Dewislen
Warning Mae'r hysbyseb swydd hon wedi dod i ben ac mae'r ceisiadau wedi cau.

Operations Resilience Manager

Manylion swydd
Dyddiad hysbysebu: 17 Hydref 2024
Cyflog: £40,201 i £43,347 bob blwyddyn
Oriau: Llawn Amser
Dyddiad cau: 03 Tachwedd 2024
Lleoliad: FY4 5ES
Cwmni: Government Recruitment Service
Math o swydd: Parhaol
Cyfeirnod swydd: 373532/1

Crynodeb

Do you have experience in identifying and addressing risks to delivery of IT Products and Services?

Have you a background in Disaster Recovery planning and IT resilience?

This is a fantastic opportunity to join DWP Digital as an Operations Resilience Manager (ORM), where you will be responsible for maintaining the performance, availability and stability of live service through prevention, or minimising the likelihood, of disruptions caused by loss of IT service or a disaster.

As part of a team, you will ensure mechanisms to adapt, recover and learn from operational disruption are put in place, and provide advice and guidance on capacity/throughput issues.

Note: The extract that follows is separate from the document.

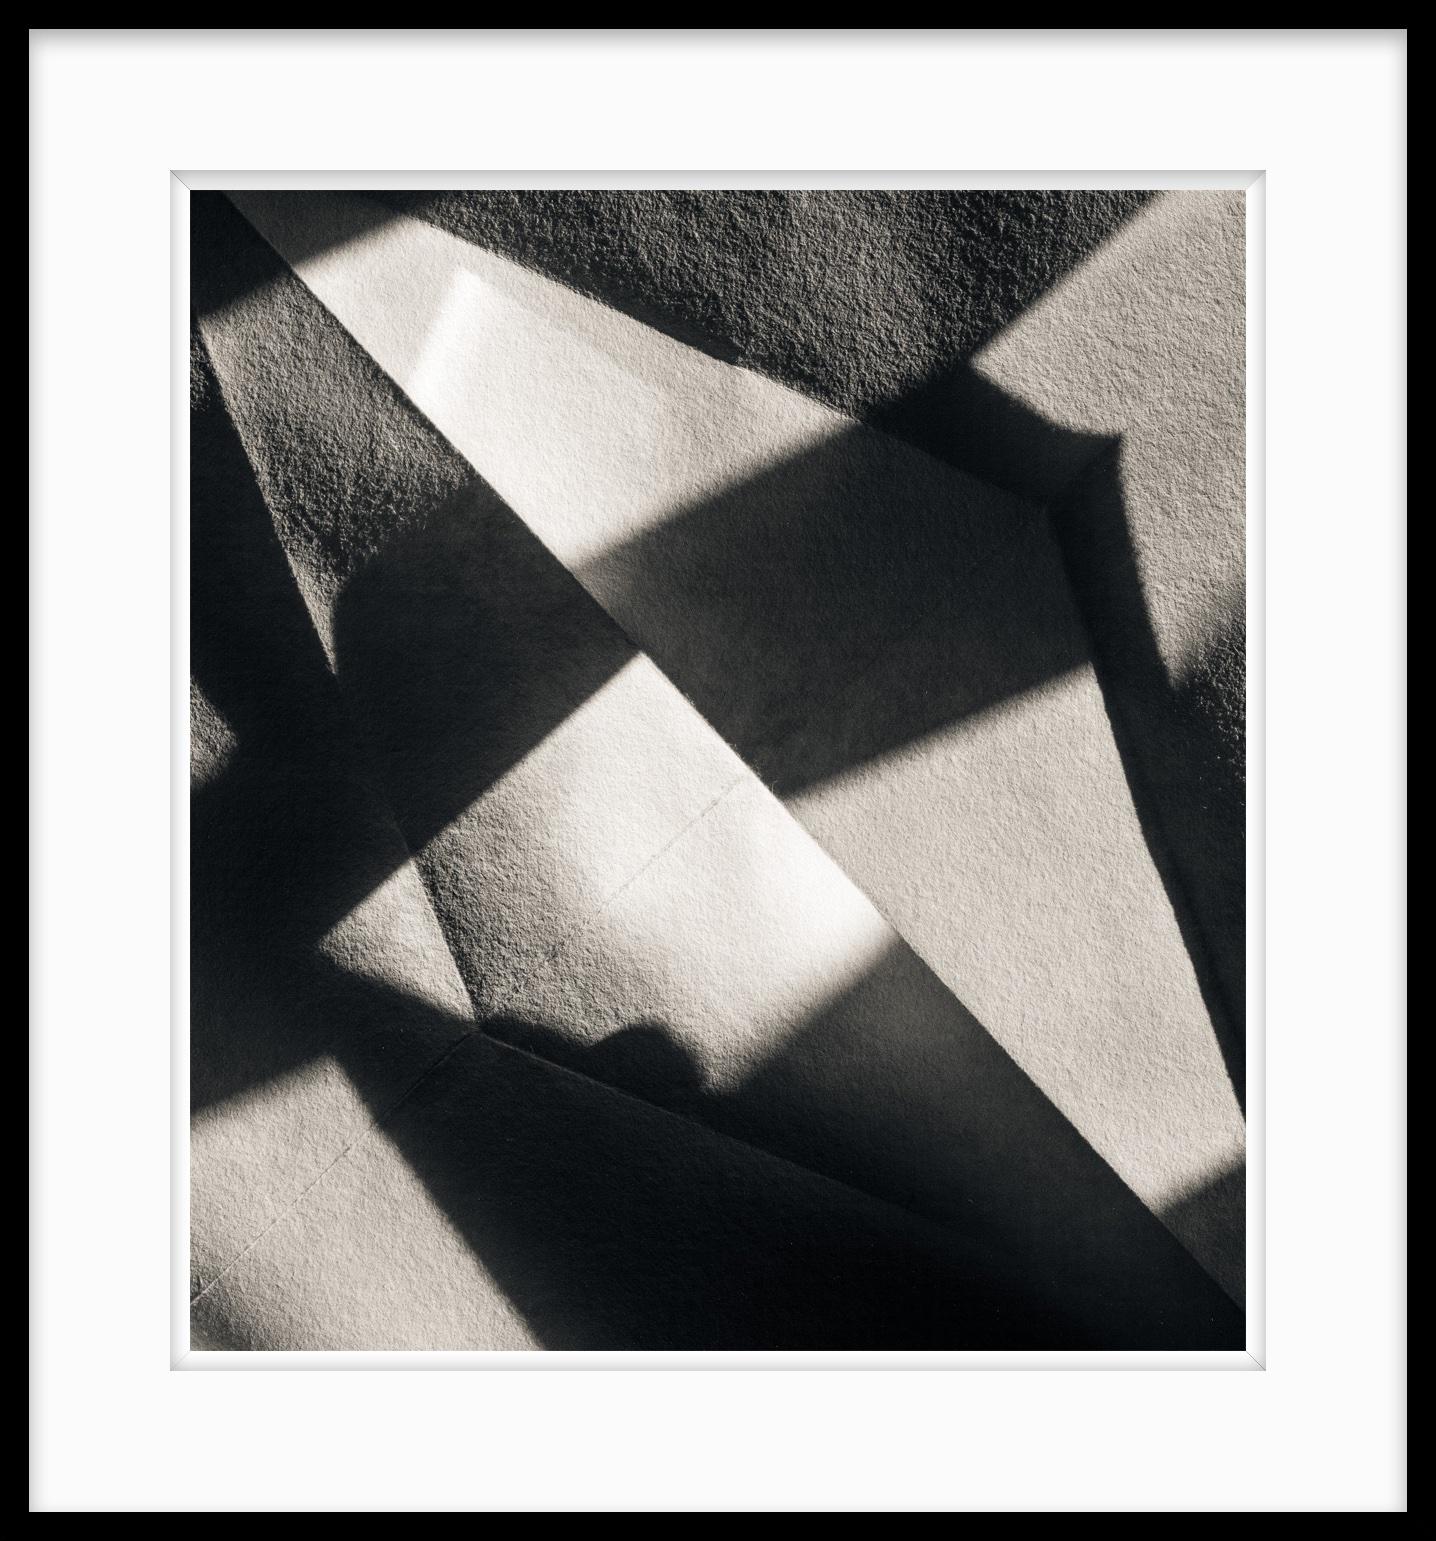  Limited Edition Abstract Black and White Photograph  - Origami Folds #15  This image from the Origami Folds series has been in several museum exhibitions and corporate collections.

Astrophysicist Koryo Miura created the unfolding solar panels for

As owner of IT Service Continuity Management (ITSCM) and Capacity Management & Performance Processes and Procedures (P&Ps) in line with technology roadmaps, ORMs use their knowledge and experience to ensure live service performance is maintained in line with business goals and requirements, at all times.

The ORM has experience and end to end knowledge of an enterprise class IT estate and the associated support methodologies for business-critical IT services and systems. They understand potential service impacting factors, working across IT Operations and technical capabilities, using their expertise to identify, mitigate and track risks from multiple digital and non-digital factors. Factors include, but are not limited to, recoverability (testing failover and data restore), technical resilience, IT Capacity, user hours lost trend, unmitigated risks, organisational change, 3rd Party Providers, finance.

The ORM will own ITSCM and Capacity risks and provide guidance and support to key stakeholders and technical support teams to manage, mitigate and eradicate their specific risks. They manage plans to test Disaster Recovery and resilience, and forecast capacity trends, ensuring threats to live services associated with the processes owned, and other potential service impacting factors have the appropriate action plans. They will create the annual Capacity Plan and manage the On Premise Hosting Site Recovery Plan.

The ORM makes use of reporting tools and dashboards to report performance, they maintain historical data to identify trends and analyse emerging issues.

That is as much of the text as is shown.